▶ _ASSIGNMENT_: Each line of the data below from the one holding "Seungri đã có" to the one holding "Crochet braids olyhair", inclusive, is to be reproduced exactly; no other line belongs in the answer.
----- INFORMATION GIVEN -----
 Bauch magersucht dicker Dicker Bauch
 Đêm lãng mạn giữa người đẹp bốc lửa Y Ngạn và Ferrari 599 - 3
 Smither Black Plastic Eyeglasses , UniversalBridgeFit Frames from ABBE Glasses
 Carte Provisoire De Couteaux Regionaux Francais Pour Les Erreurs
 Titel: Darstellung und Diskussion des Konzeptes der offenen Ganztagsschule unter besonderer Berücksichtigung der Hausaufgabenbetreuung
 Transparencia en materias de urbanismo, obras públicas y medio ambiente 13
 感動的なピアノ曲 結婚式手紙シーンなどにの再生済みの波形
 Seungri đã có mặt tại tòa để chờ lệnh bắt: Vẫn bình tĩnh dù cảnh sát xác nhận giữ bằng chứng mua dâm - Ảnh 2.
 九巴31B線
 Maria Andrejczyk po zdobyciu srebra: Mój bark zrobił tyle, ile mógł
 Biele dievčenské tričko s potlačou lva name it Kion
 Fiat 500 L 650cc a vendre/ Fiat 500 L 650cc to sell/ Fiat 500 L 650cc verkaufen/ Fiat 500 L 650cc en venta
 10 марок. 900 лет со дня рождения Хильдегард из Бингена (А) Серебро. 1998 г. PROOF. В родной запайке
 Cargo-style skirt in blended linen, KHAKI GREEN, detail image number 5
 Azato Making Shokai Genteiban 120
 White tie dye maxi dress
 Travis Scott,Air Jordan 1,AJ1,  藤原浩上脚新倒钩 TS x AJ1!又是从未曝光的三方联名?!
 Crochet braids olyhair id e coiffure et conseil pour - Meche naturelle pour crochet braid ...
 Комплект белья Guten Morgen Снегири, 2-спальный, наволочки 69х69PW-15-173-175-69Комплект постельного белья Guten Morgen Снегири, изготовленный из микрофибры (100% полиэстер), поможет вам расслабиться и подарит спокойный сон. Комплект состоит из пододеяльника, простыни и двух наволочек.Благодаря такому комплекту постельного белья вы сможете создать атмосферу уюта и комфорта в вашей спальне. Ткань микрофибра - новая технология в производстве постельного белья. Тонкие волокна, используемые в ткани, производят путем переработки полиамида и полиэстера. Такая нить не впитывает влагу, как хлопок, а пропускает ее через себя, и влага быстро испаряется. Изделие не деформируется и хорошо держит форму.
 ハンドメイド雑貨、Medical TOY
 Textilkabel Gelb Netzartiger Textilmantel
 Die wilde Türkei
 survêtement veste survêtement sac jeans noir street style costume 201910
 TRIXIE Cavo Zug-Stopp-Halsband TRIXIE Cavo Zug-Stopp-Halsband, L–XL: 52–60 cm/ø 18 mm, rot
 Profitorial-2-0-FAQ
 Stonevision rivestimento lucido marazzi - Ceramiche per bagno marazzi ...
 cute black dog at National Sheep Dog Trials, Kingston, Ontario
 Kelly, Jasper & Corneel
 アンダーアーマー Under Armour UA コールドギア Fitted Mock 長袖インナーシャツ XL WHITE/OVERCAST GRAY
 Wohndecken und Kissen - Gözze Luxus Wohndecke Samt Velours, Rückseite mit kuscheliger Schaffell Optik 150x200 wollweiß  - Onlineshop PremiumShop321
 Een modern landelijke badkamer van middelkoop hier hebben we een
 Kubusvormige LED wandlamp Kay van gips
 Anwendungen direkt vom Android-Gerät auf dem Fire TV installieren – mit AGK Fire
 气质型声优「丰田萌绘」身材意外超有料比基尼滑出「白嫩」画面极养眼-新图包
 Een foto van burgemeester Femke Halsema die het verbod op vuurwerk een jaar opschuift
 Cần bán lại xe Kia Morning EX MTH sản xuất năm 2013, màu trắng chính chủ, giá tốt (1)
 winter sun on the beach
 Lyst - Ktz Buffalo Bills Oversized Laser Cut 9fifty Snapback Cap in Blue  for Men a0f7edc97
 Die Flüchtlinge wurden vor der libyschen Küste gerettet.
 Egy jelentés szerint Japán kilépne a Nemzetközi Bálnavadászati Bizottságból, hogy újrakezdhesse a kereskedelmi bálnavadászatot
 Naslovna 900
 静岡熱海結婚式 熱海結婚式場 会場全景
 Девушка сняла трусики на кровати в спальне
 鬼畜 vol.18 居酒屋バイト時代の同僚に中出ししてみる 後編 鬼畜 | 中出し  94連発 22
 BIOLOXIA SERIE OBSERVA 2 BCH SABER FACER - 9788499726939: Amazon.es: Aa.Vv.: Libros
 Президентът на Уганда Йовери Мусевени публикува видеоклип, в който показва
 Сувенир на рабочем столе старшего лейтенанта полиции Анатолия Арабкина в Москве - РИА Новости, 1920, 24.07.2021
-----
▶ _EXERCISE RESPONSE_:
 Seungri đã có mặt tại tòa để chờ lệnh bắt: Vẫn bình tĩnh dù cảnh sát xác nhận giữ bằng chứng mua dâm - Ảnh 2.
 九巴31B線
 Maria Andrejczyk po zdobyciu srebra: Mój bark zrobił tyle, ile mógł
 Biele dievčenské tričko s potlačou lva name it Kion
 Fiat 500 L 650cc a vendre/ Fiat 500 L 650cc to sell/ Fiat 500 L 650cc verkaufen/ Fiat 500 L 650cc en venta
 10 марок. 900 лет со дня рождения Хильдегард из Бингена (А) Серебро. 1998 г. PROOF. В родной запайке
 Cargo-style skirt in blended linen, KHAKI GREEN, detail image number 5
 Azato Making Shokai Genteiban 120
 White tie dye maxi dress
 Travis Scott,Air Jordan 1,AJ1,  藤原浩上脚新倒钩 TS x AJ1!又是从未曝光的三方联名?!
 Crochet braids olyhair id e coiffure et conseil pour - Meche naturelle pour crochet braid ...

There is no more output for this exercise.